Nossa família morava em São Benedito, no então município de Montenegro. Era constituída pelos pais, três avós (o avô paterno morreu cedo) e dez filhos. Os avós, um após o outro, foram acometidos de longa enfermidade. A mãe e a irmã mais nova cuidavam deles. Vendo a mãe extenuada, sugeri que contratássemos uma outra pessoa para cuidar dos avós. A mãe reagiu: “Dos nossos pais, cuido eu”. Compreendi que era uma questão de amor filial.
O amor tem uma dimensão de cruz, de doação, de colocar a vida a serviço de causas que valem uma vida. A Semana Santa, que se inicia com o Domingo de Ramos e culmina na Páscoa da Ressurreição, em resumo é isto: Jesus Cristo doa sua vida por amor à humanidade.
O povo, palmas na mão, aclama o Senhor na entrada de Jerusalém. Cinco dias depois, acompanha seus líderes religiosos e pede sua condenação. A raça humana é inconstante e frágil. Para salvá-la só mesmo o amor divino!
O amor de Cristo nos deixou o memorial da Eucaristia: Ele mesmo como alimento e sustento de seu povo a caminho. Comunhão com Cristo e ceia fraterna entre irmãos. É cerne da solidariedade cristã. Na quinta-feira santa a Igreja celebra este mistério de amor.
Na sexta-feira santa celebramos a tortura da flagelação, da humilhação, do caminho ao Calvário com a cruz às costas, da crucificação entre dois malfeitores e a morte na cruz. A liturgia da paixão e morte começa em silêncio: os celebrantes se prostram no chão sem palavras. O silêncio é profundo. É reverência, é gratidão. O povo, à noite, costuma fazer uma procissão em memória do Senhor morto por amor à humanidade. Mesmo a sociedade secularizada respeita o silêncio da sexta-feira santa.
Sábado santo, após silêncio reverencial irrompe em alegria: Cristo ressuscitou. O tempo antigo se rasga pelo meio. Surge vida nova, a nova humanidade, ornada da graça de Cristo, conquista redentora pela cruz e ressurreição.
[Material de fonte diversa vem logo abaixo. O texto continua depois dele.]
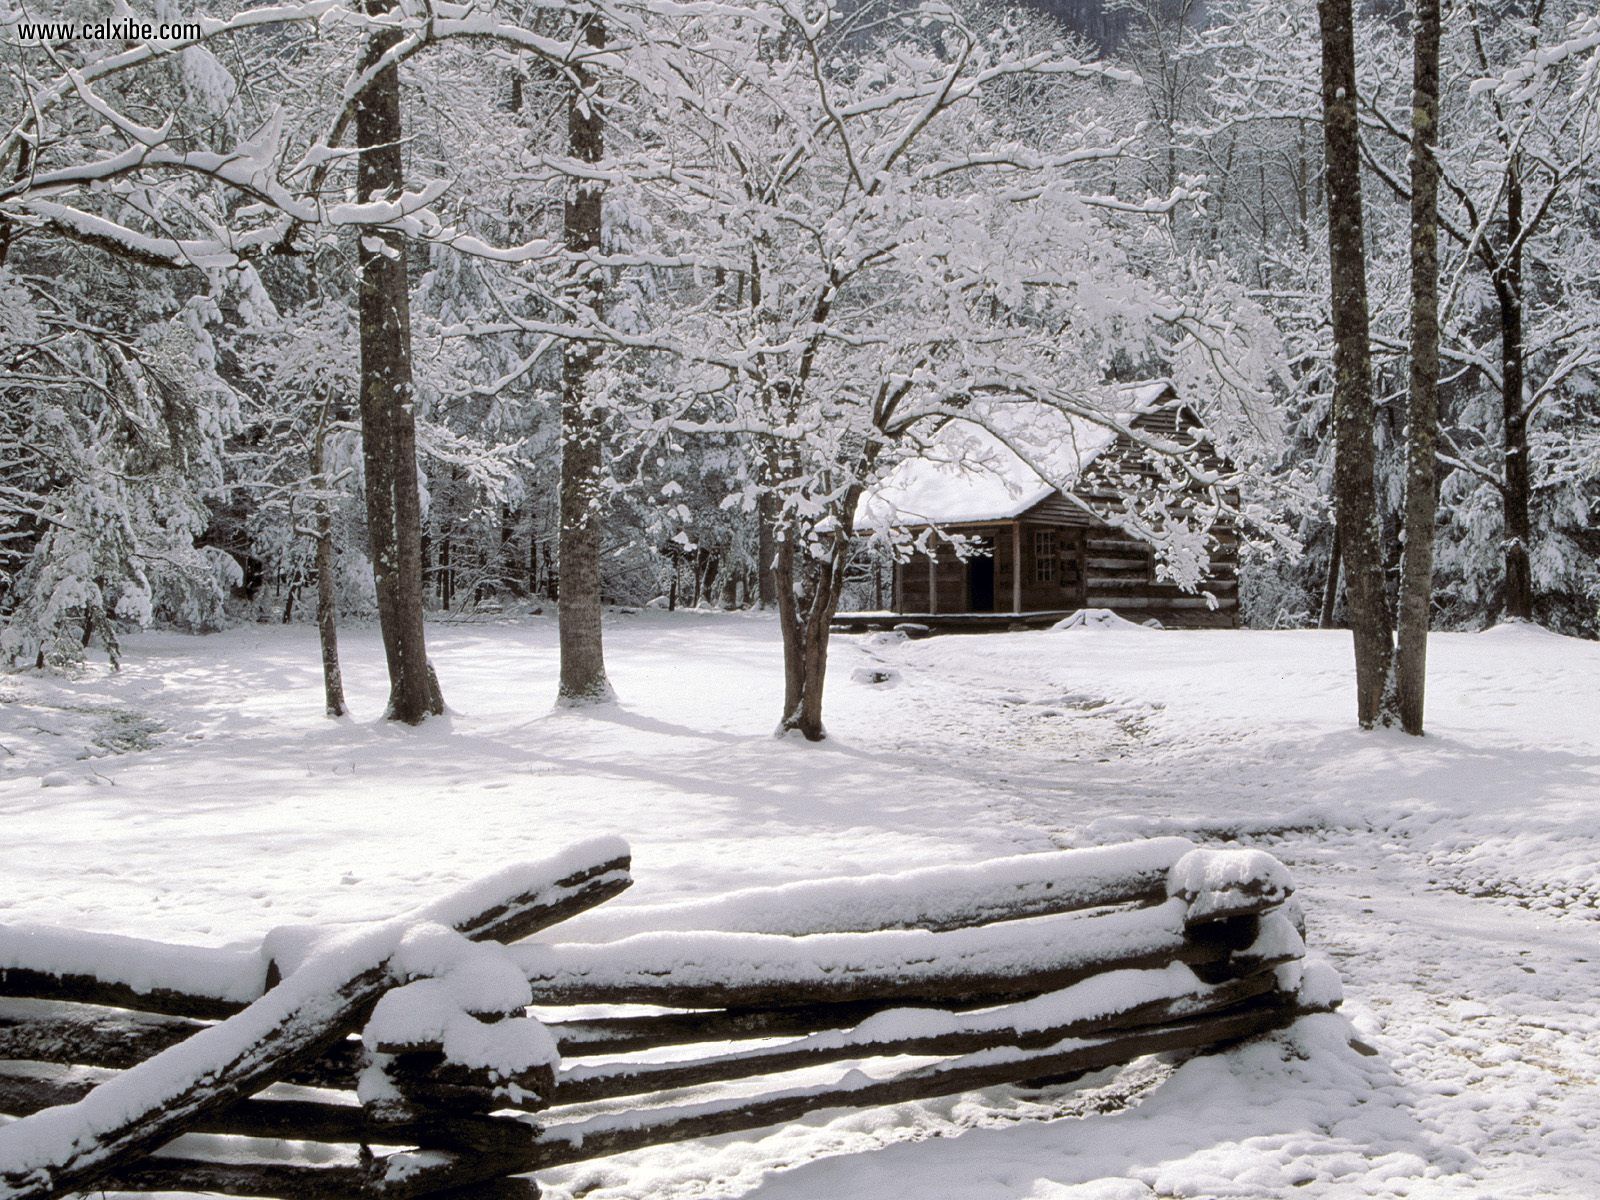 Carter Shields Cabinin Winter Great Smoky Mountains National Park

O bispo Nguyèn Van Thuán, prisioneiro dos vietcongues, no Vietnam, enviou através de uma criança um bilhete à comunidade católica: “Durante a agonia no Getsêmani, o Senhor levou consigo os três apóstolos por quem nutria um afeto especial: Pedro, Tiago e João. Tendes medo de ser um dos seus amigos mais queridos”?
Quem sabe, durante a Semana Santa, nós mostramos a Jesus que pertencemos ao grupo que o ama também de modo especial!